First, let’s look at the numbers. As you can see in this chart, the United States has administrative costs that are well above those of pretty much every other developed country.

Center for American Progress

You can also break down the numbers by administrative costs associated with different types of medical visits. You can see that the average inpatient surgery includes just over $200 in administrative work.

Center for American Progress

It’s not hard to understand why the American health care system has higher administrative costs. We have a highly fragmented health insurance market where each insurer sets different prices for thousands of different medical procedures. The result is a massive infrastructure to process American medical claims that exists in health insurance plans and doctor offices all across the country.

The thing that’s a bit harder to figure out is the right amount of administrative costs for our country, and how to get there. You’ll note in the top figure that even countries with universal coverage vary pretty significantly in what they spend on administrative costs. France is spending, for example, 10 times as much as Norway on administrative costs, and Germany twice as much as Japan.

Some administrative costs will always make sense. At the end of the day, you’re going to need someone to run a health insurance system — to mail out insurance cards, contract with doctors, and run programs that attempt to root out fraud, for example.

But what’s the right number to aim for? That’s a bit harder to pin down. “Not all administrative spending is equal,” Gee says. “There are certain cases where we might actually be underinvesting in administrative costs, places where more administrative spending could bring down overall costs.”

The other big question this report raises: What’s the best way to lower administrative spending in the United States?

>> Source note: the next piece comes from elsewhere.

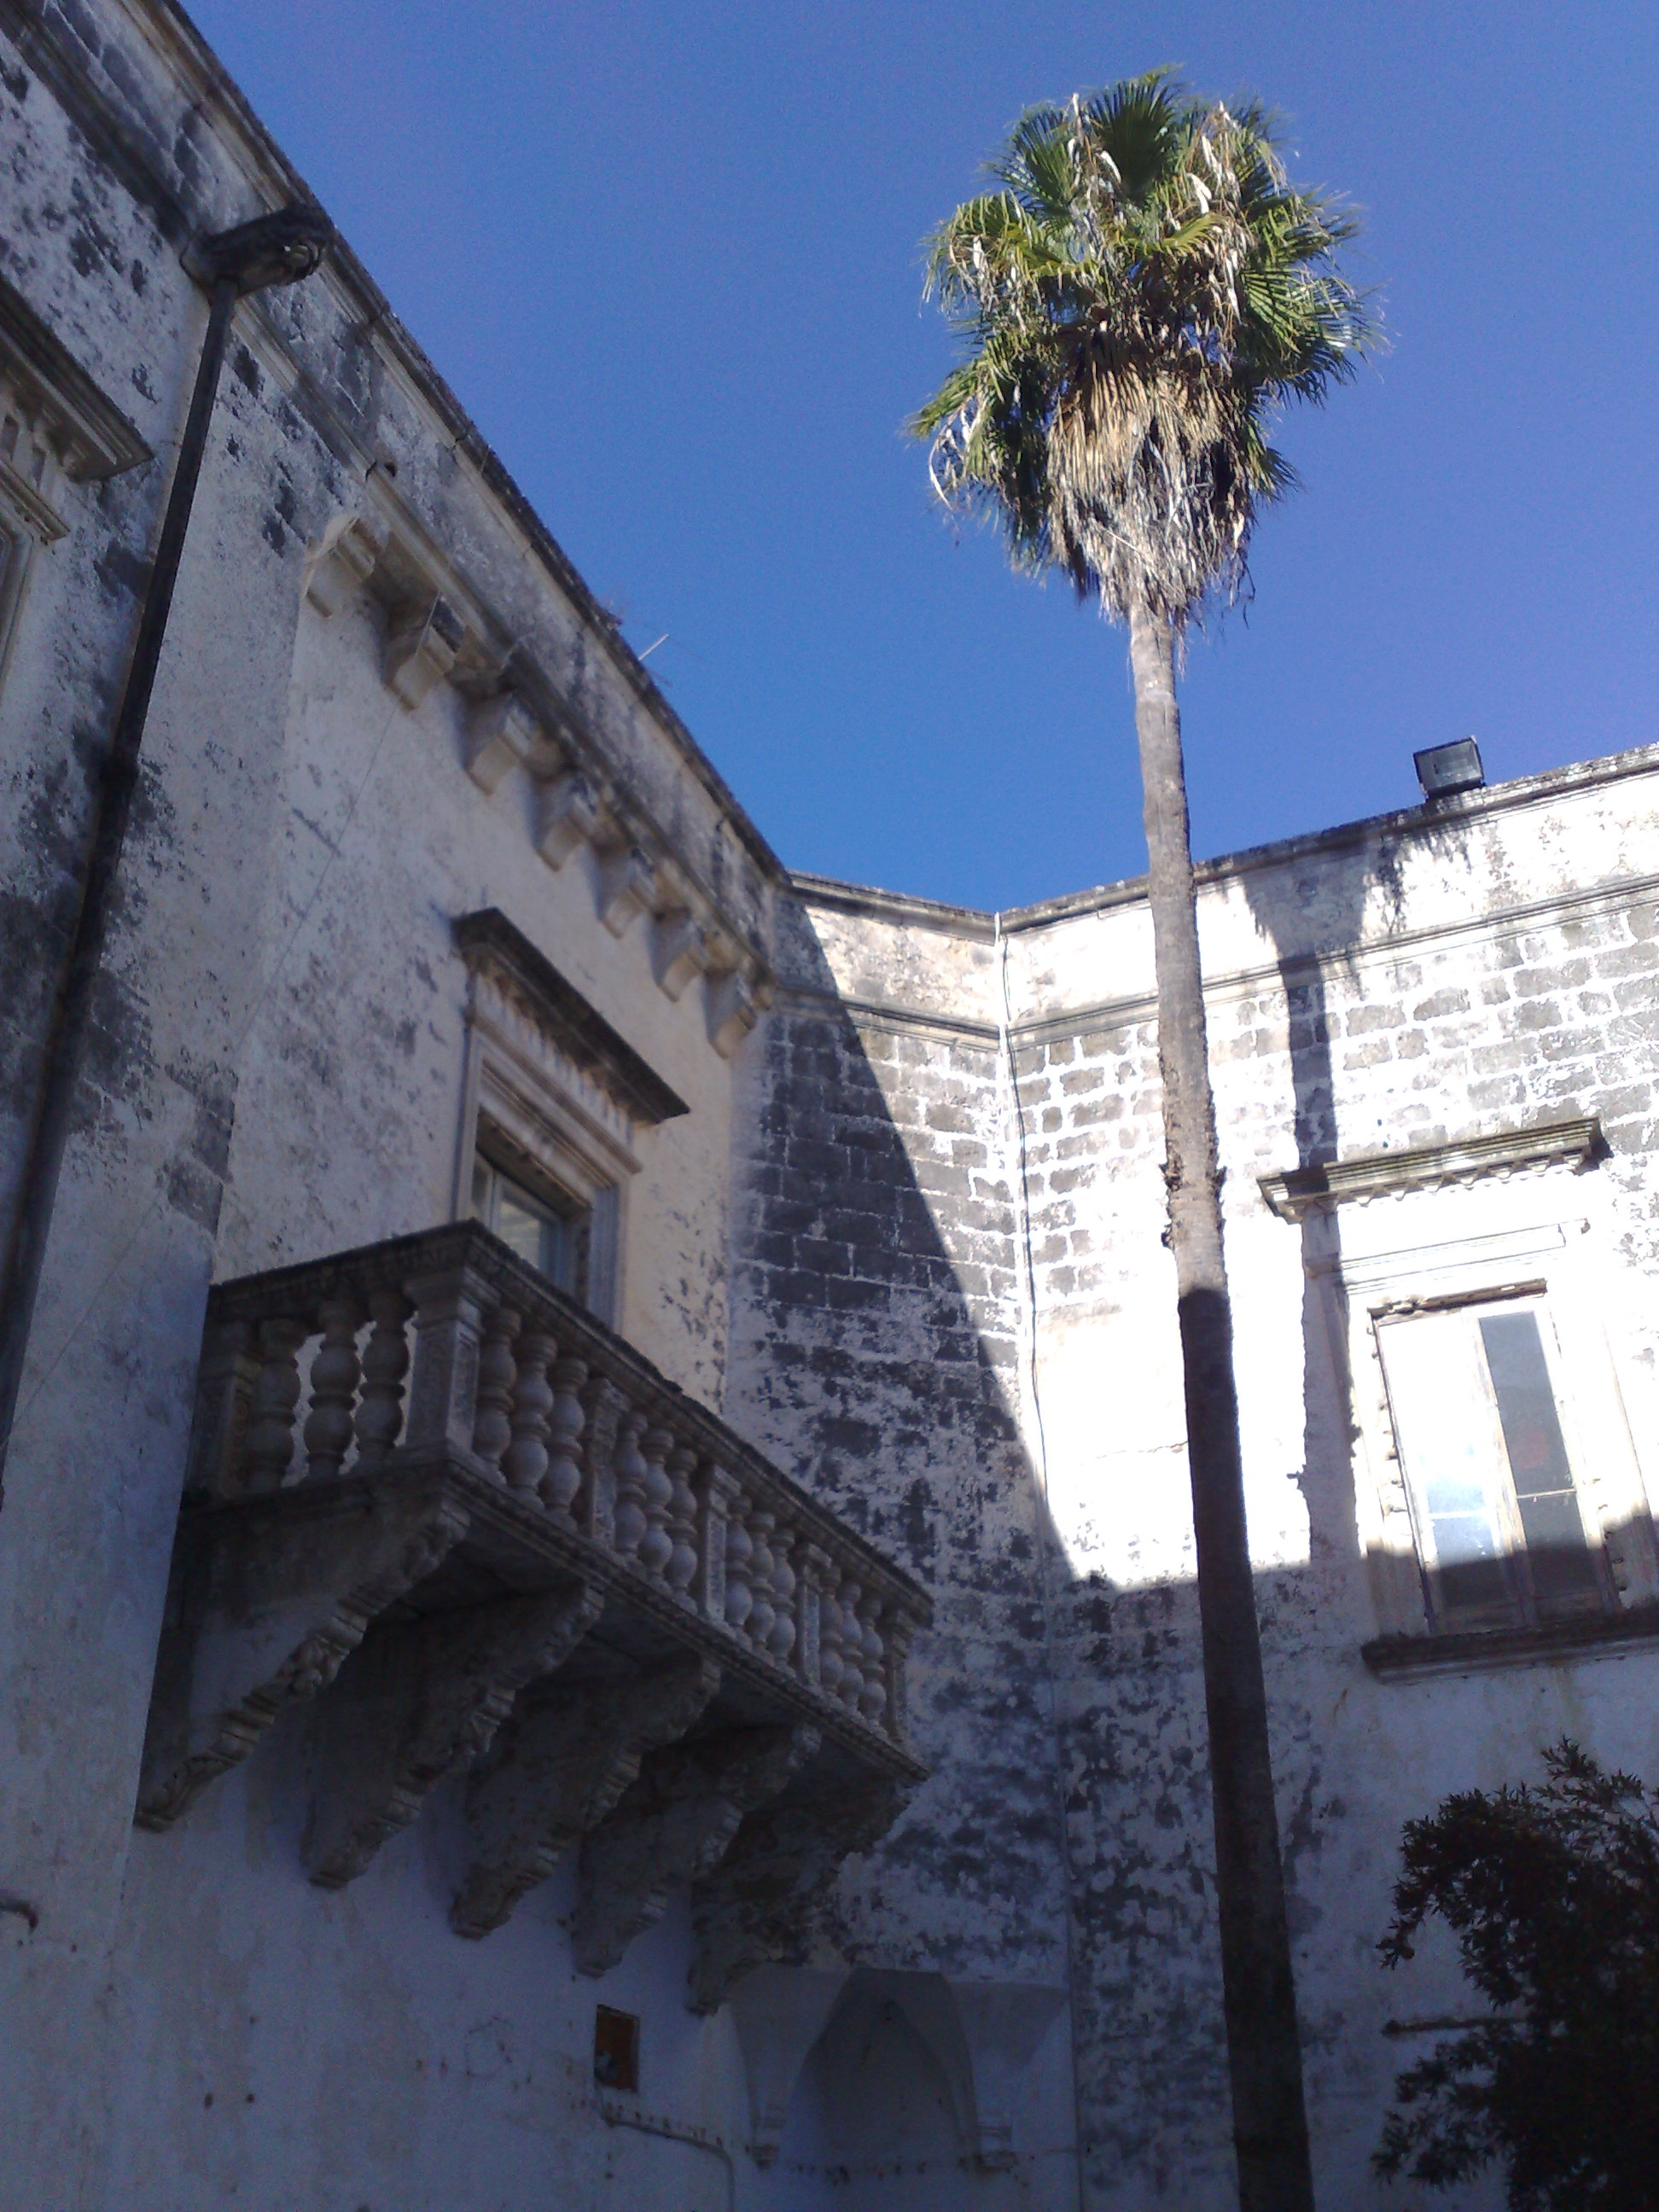 Cutrofiano: Palazzo Filomarini

Supporters of a single-payer system like Canada’s would argue the answer is simple: You move to a system where the government provides health coverage to all citizens. When there is just one health plan, you won’t have disparate prices for the same procedure. You will probably have some unemployed billing specialists on your hands, as their jobs would no longer be needed.

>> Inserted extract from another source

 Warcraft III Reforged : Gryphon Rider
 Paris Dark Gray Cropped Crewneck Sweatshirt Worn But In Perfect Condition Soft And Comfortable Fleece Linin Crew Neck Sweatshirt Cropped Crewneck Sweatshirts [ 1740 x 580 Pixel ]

But Gee and Spiro make a different case. They argue that you don’t need to go as far as a single-payer system — that with some kind of all-payer rate setting, you could achieve significant savings on administrative spending. In other words, if you have multiple health insurers all paying the same price, that does a lot of the legwork in cutting administrative costs. (It should come as no surprise that the most recent health policy proposal from CAP, where Gee and Spiro work, endorses a multi-payer system that wouldn’t transition all Americans to one government plan.)

”Uniform rate setting is a key feature of a system that would have lower administrative costs,” Spiro says. “That could be in the context of a single-payer system or a regulated, multi-payer system.”